Dataset content:
══════════

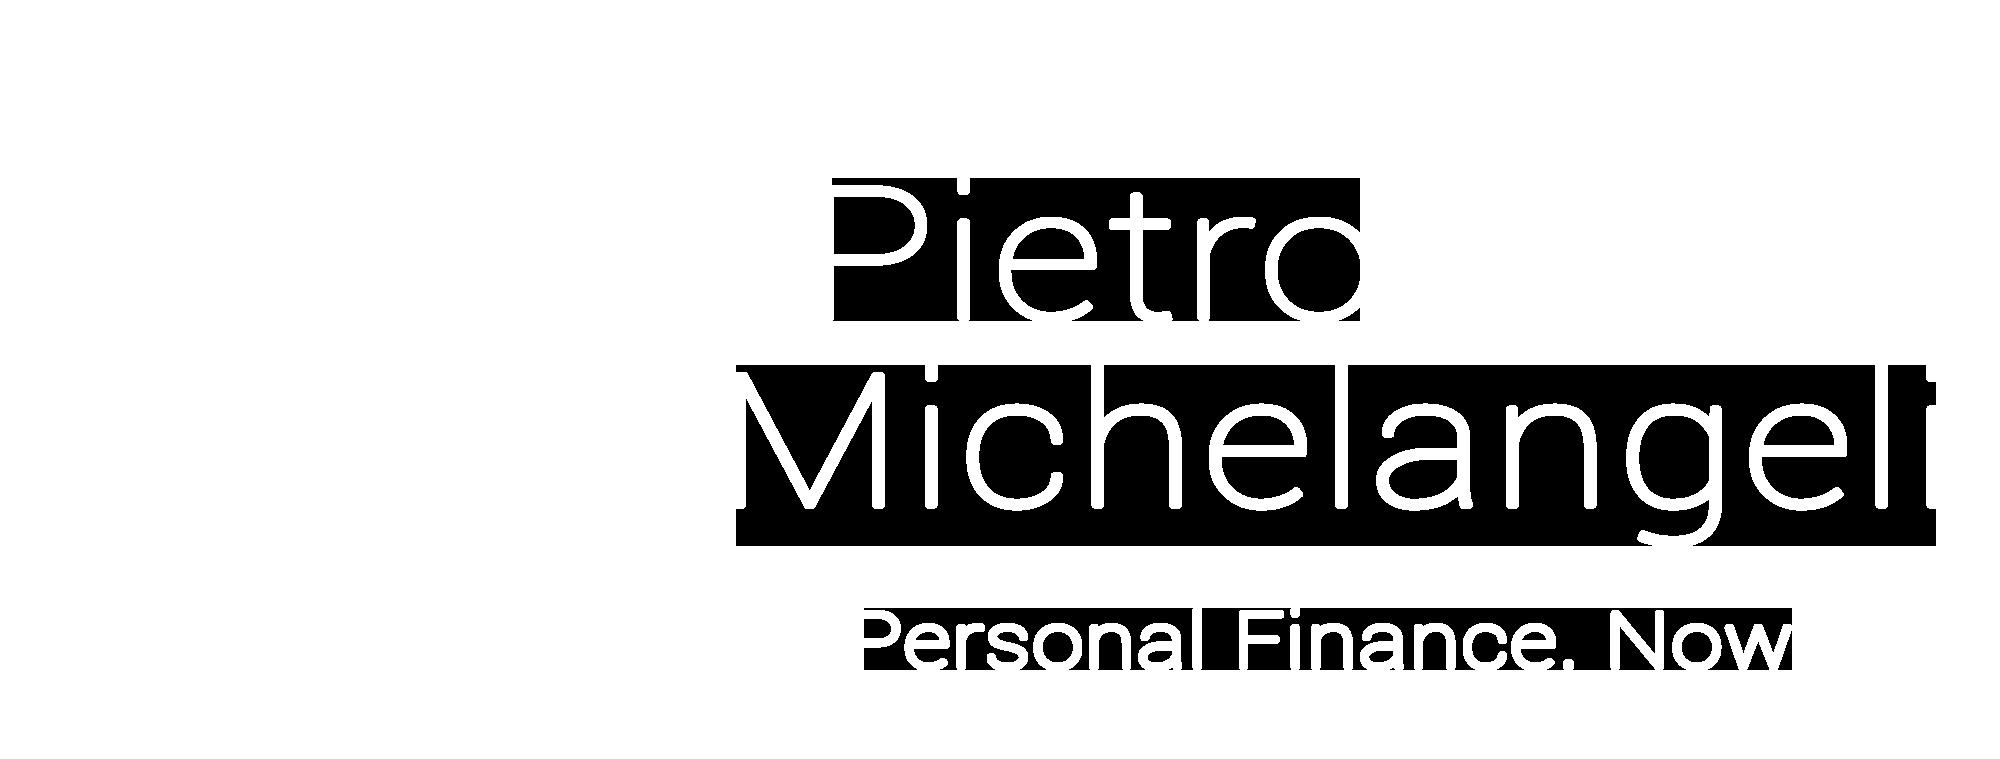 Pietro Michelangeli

══════════

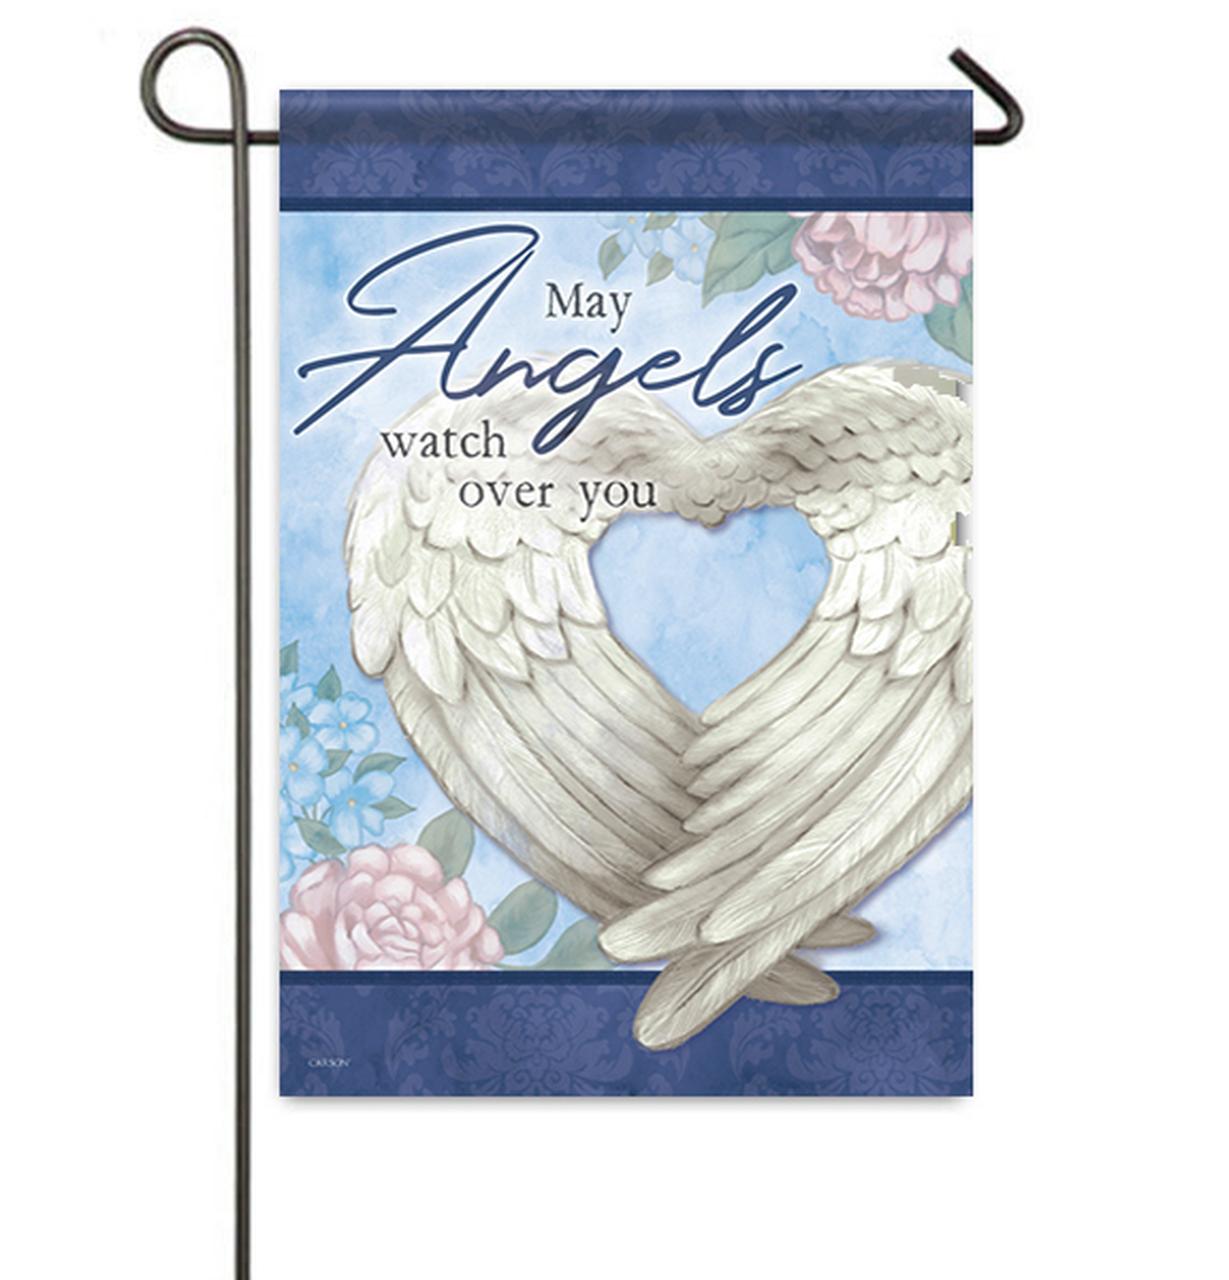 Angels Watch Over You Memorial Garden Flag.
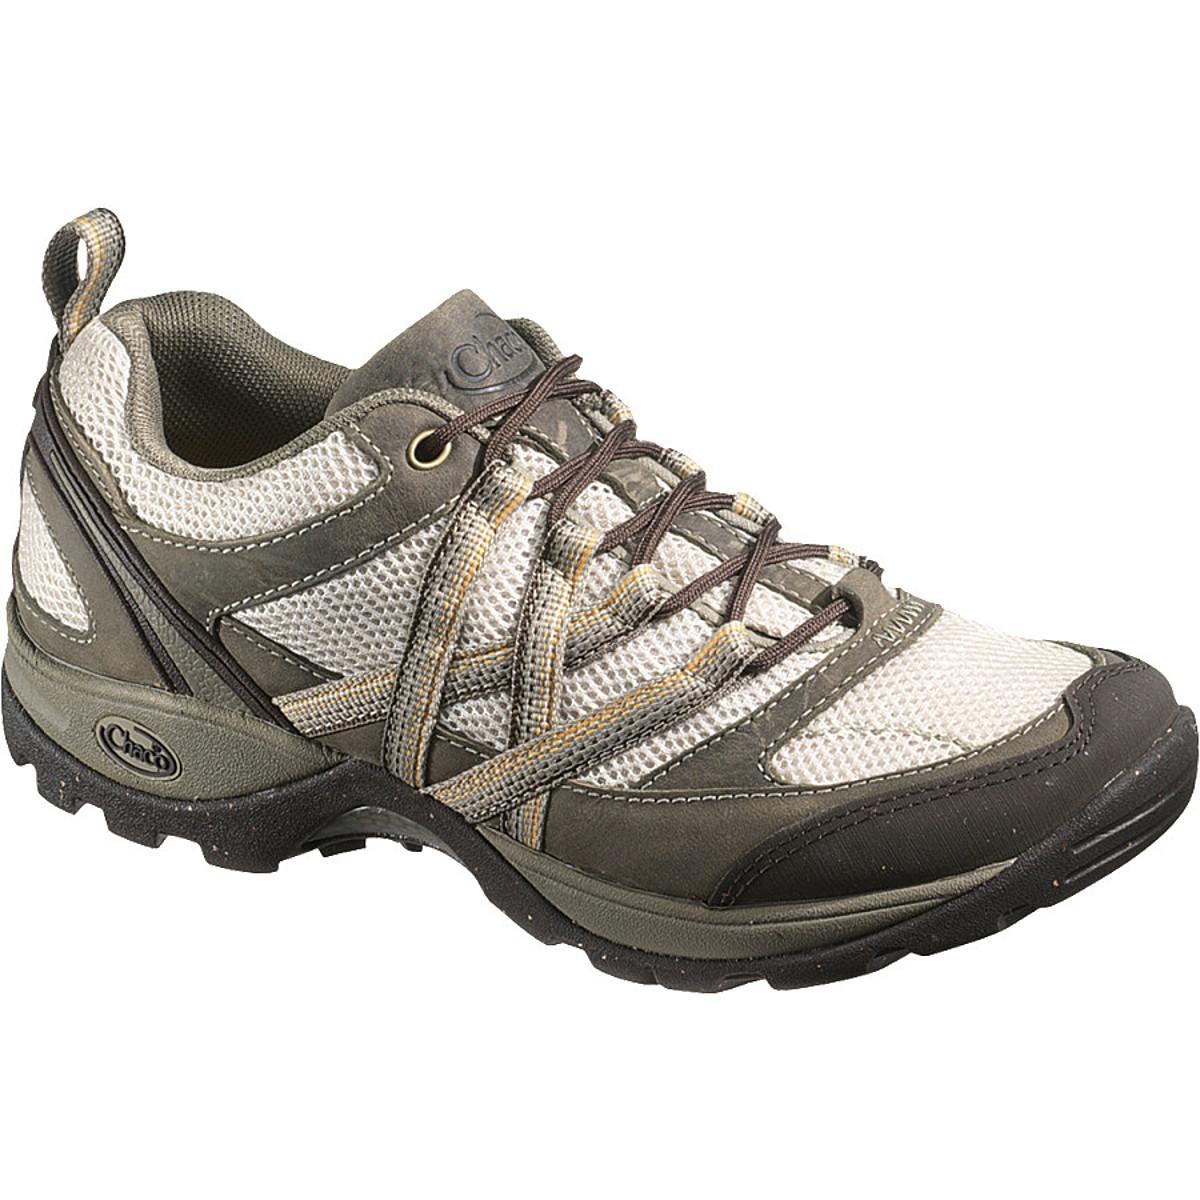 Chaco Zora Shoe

══════════

Work task: What are the lines above from the one with "Angels Watch Over You Memorial Garden Flag." to the one with "Chaco Zora Shoe", both included? Reproduce them exactly, without pictures.

Expected answer:
 Angels Watch Over You Memorial Garden Flag.
 Chaco Zora Shoe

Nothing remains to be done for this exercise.